Parpadeé varias veces.
—¿Entonces… nadie lo lastimó?
—No —respondió con calma—. Pero hizo lo correcto al traerlo. Si la inflamación aumentaba, podía causarle mucho dolor.
Mis piernas se debilitaron.
Me senté en la silla más cercana.
Toda la tensión que llevaba dentro explotó en lágrimas.
—Dios mío…
La enfermera me puso una mano en el hombro.
—Usted reaccionó exactamente como debía hacerlo.
—Pensé… pensé que alguien lo había golpeado…
—Eso es comprensible.
En ese momento Noah dejó de llorar. El médico lo había calmado y ahora estaba envuelto en una manta nueva.
Se veía tranquilo.
Dormido.
Tan pequeño.
Tan inocente.
Sentí una ola de alivio tan grande que casi me hizo reír.
Pero entonces escuché una voz detrás de mí.
—¡Mamá!
Me giré.
Daniel estaba corriendo por el pasillo con Megan detrás de él.

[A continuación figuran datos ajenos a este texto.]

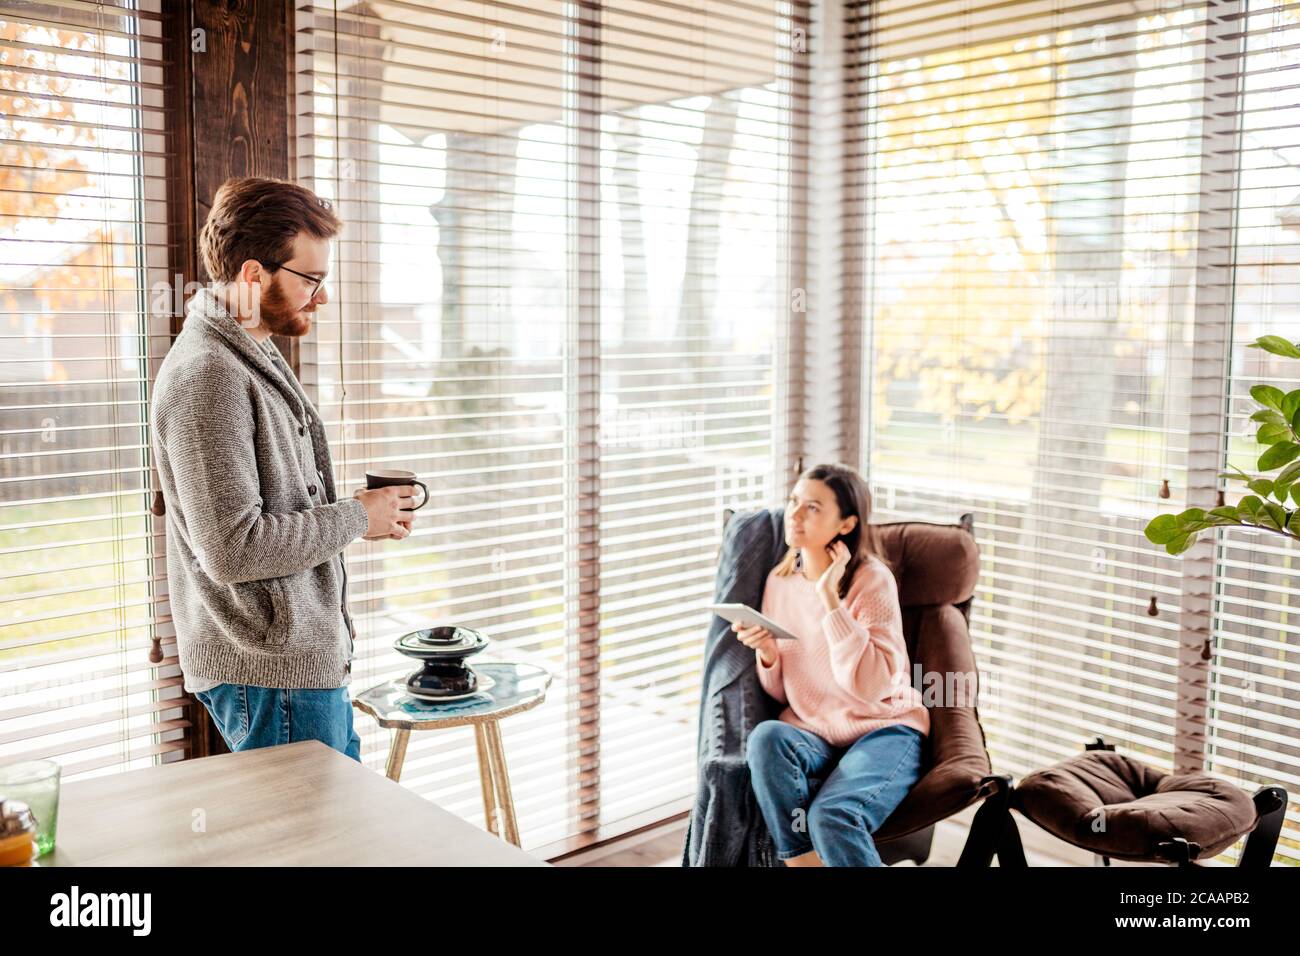 Attractive young couple discussing purchase of a new house in a well-lit modern kitchen while they are talking and drinking coffee Stock Photo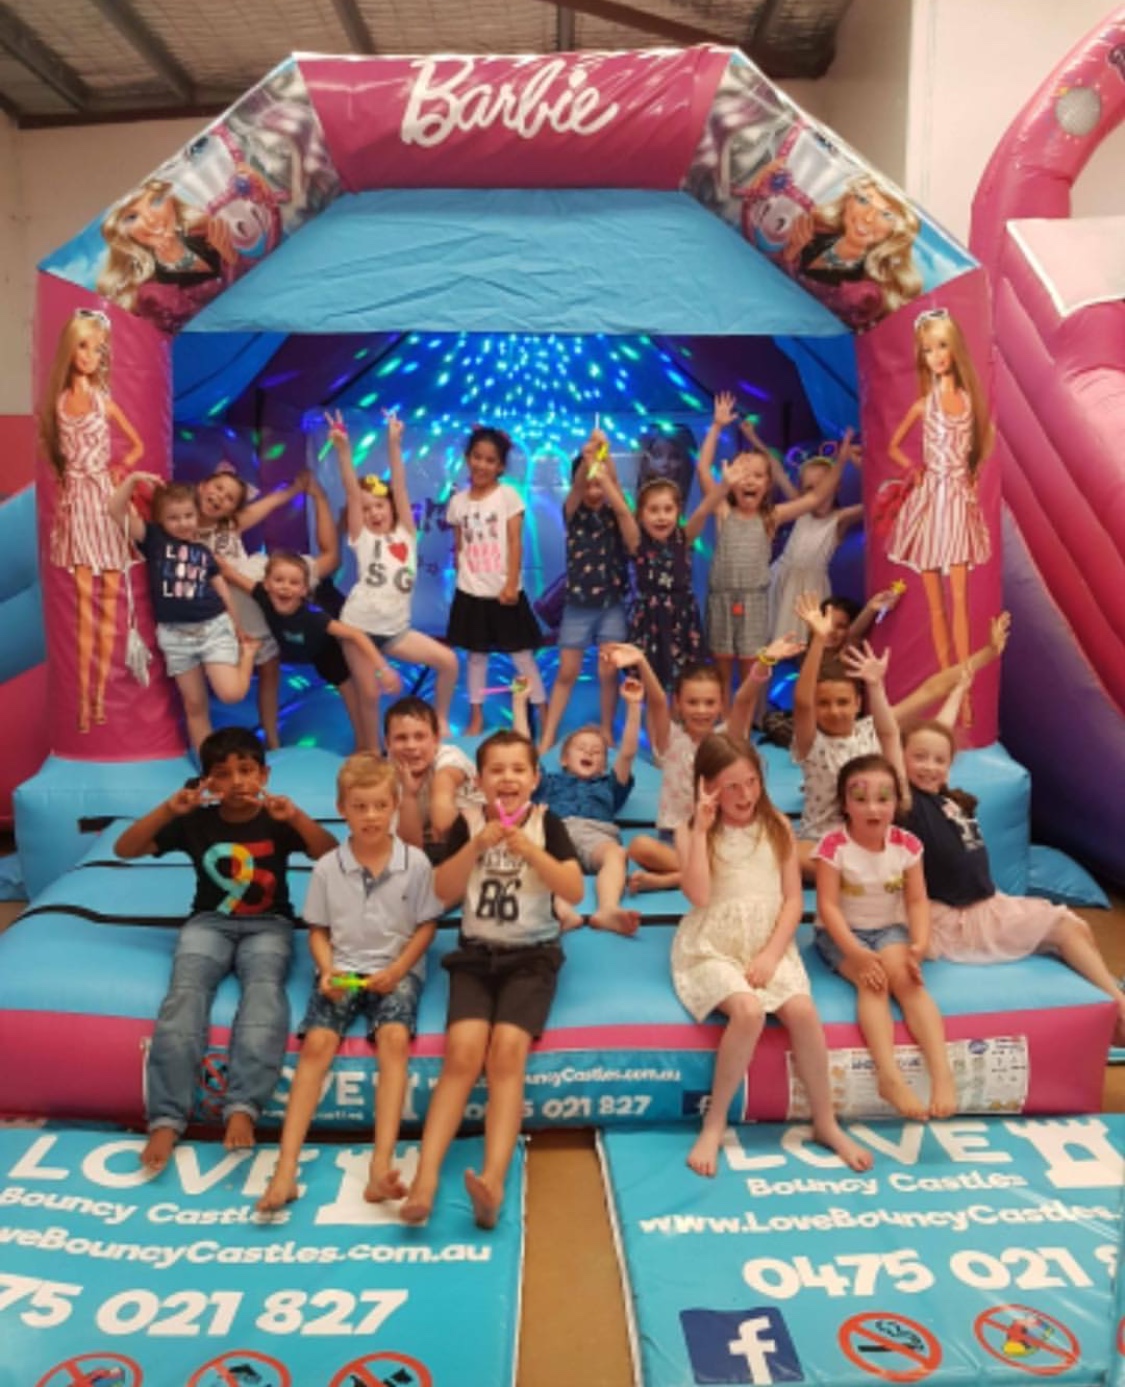 Copy of Kids Party With Children Playing On A Barbie Bouncy Castle That Was Hired Out In Perth

Ambos tenían el rostro lleno de pánico.
—¿Qué pasó? —preguntó Daniel—. ¡El hospital nos llamó!
Me levanté rápidamente.
—Está bien… está bien —dije—. Noah está bien.
Megan rompió en llanto al escuchar eso.
El médico explicó la situación.
—No fue causado por violencia. Fue una inflamación abdominal que provocó una ruptura superficial de vasos sanguíneos.
Daniel soltó un largo suspiro.
—Dios mío…
Megan abrazó a Noah con cuidado.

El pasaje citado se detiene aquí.